What the exercise asks ▸
Skip the pictures and restate, word for word, the lines from the one containing "Asus K56CB-XO092H - PC" to the end of the data below.

Given material ▸
* * * * * * * * *
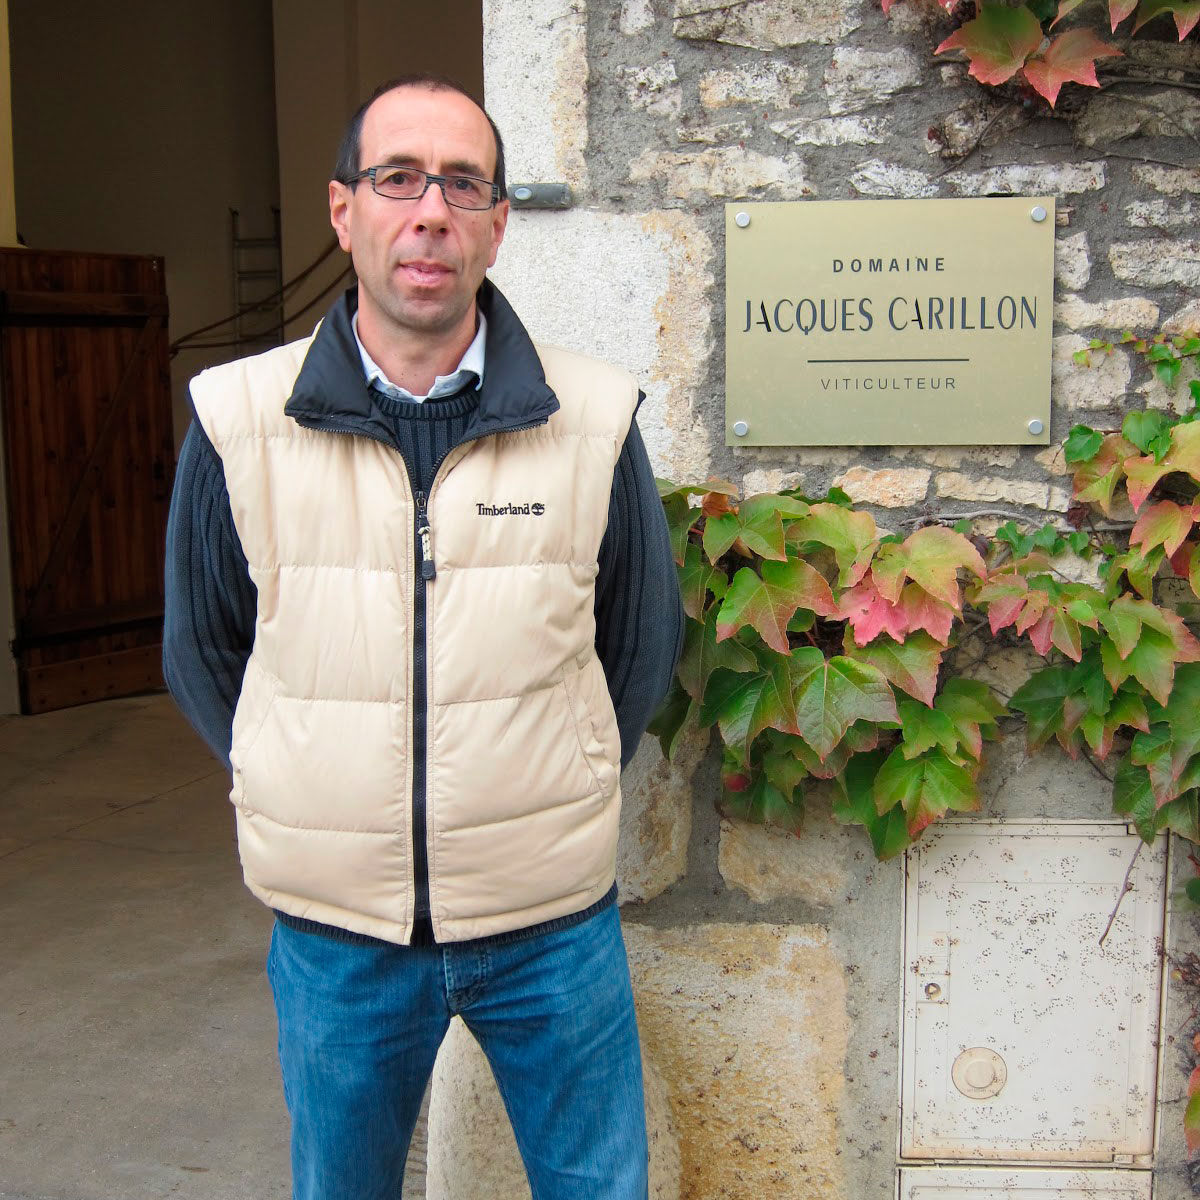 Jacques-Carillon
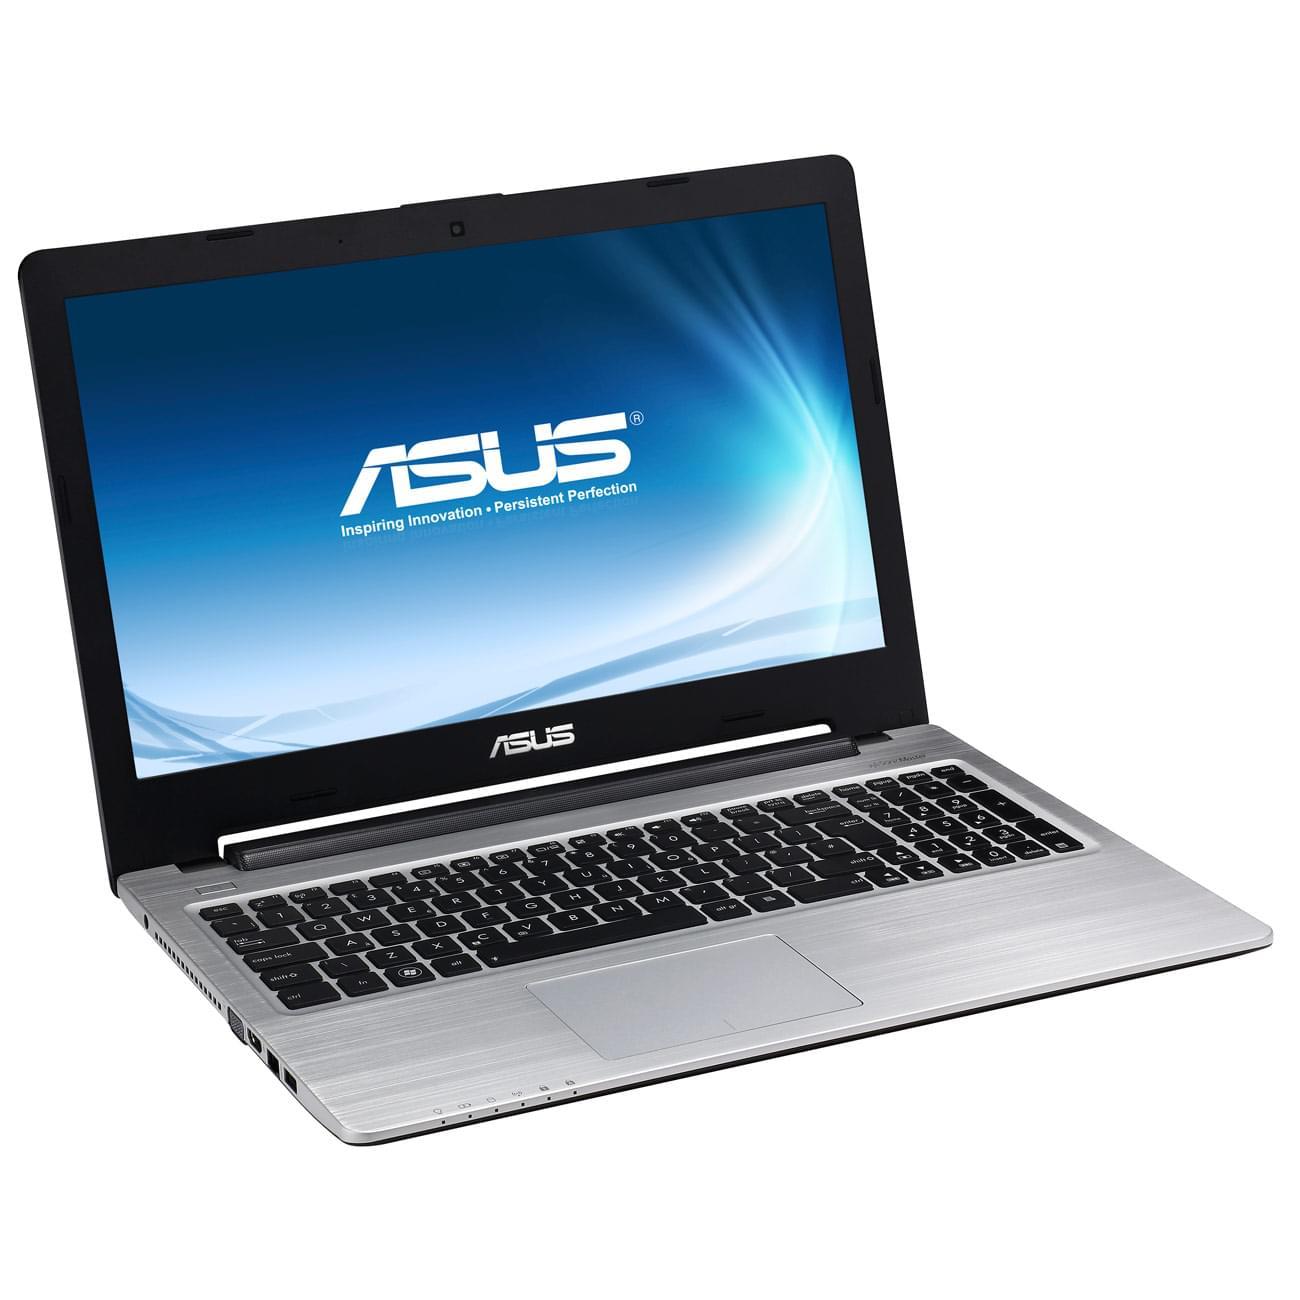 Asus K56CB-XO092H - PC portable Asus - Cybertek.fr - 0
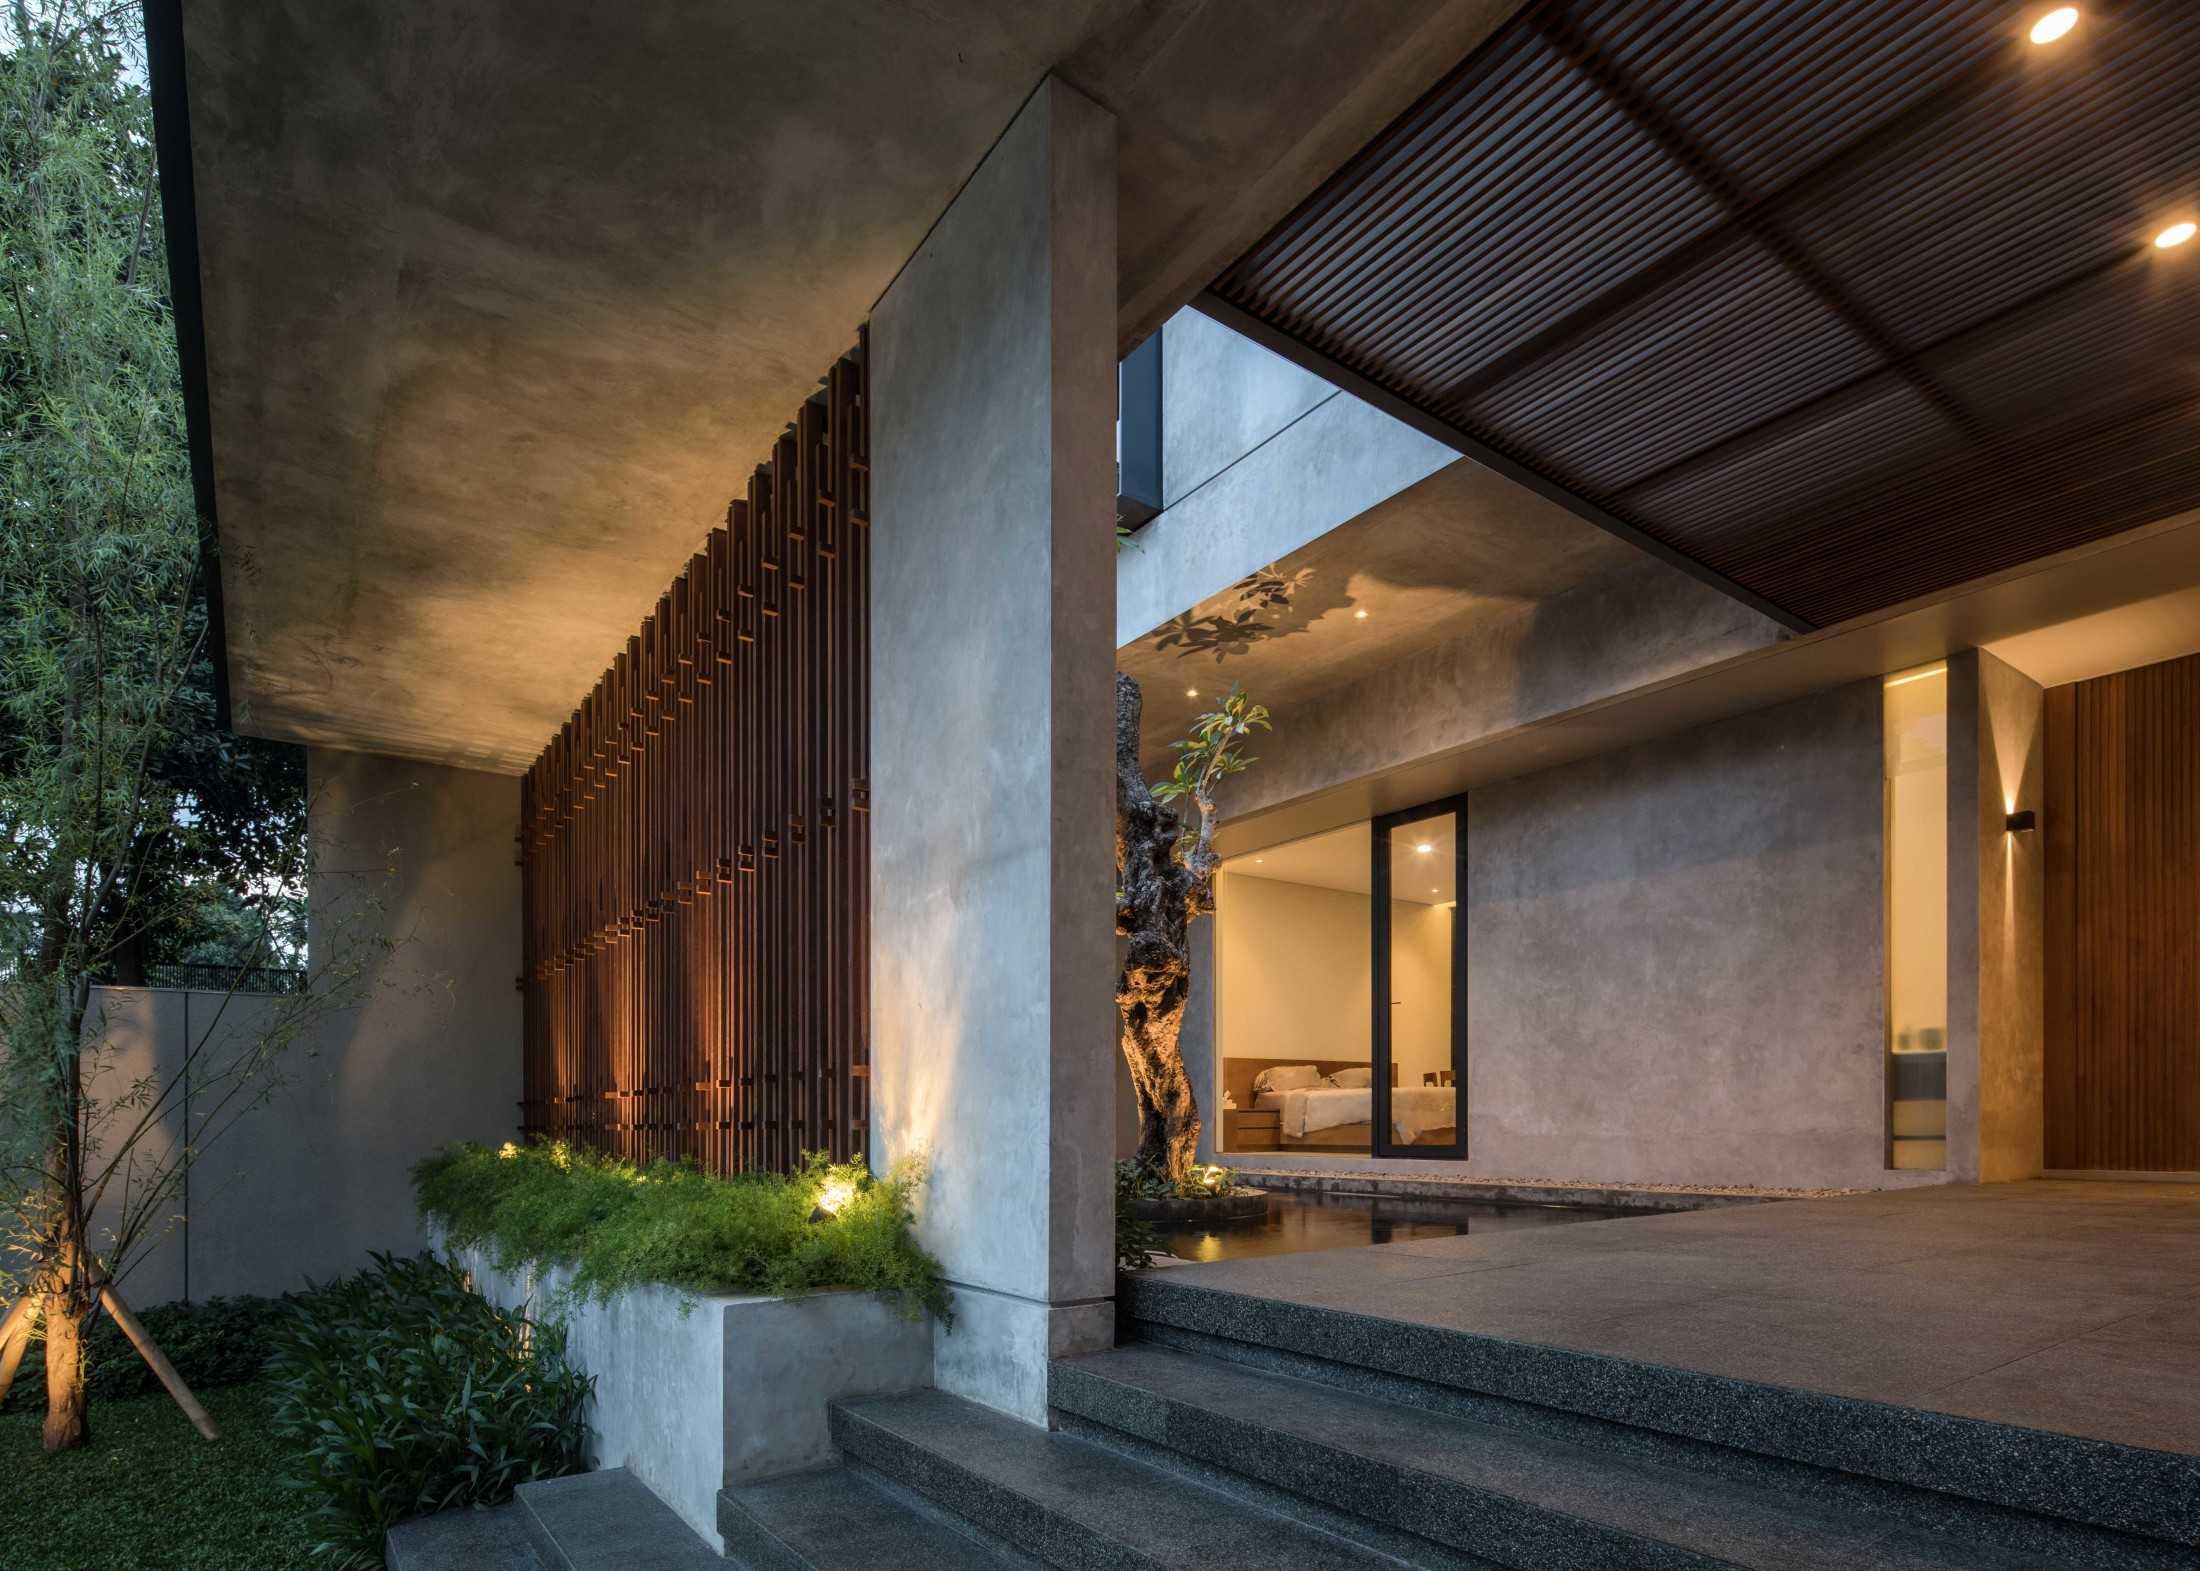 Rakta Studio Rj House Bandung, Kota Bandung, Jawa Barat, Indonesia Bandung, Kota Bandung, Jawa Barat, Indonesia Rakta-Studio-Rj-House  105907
* * * * * * * * *
Task solution ▸
 Asus K56CB-XO092H - PC portable Asus - Cybertek.fr - 0
 Rakta Studio Rj House Bandung, Kota Bandung, Jawa Barat, Indonesia Bandung, Kota Bandung, Jawa Barat, Indonesia Rakta-Studio-Rj-House  105907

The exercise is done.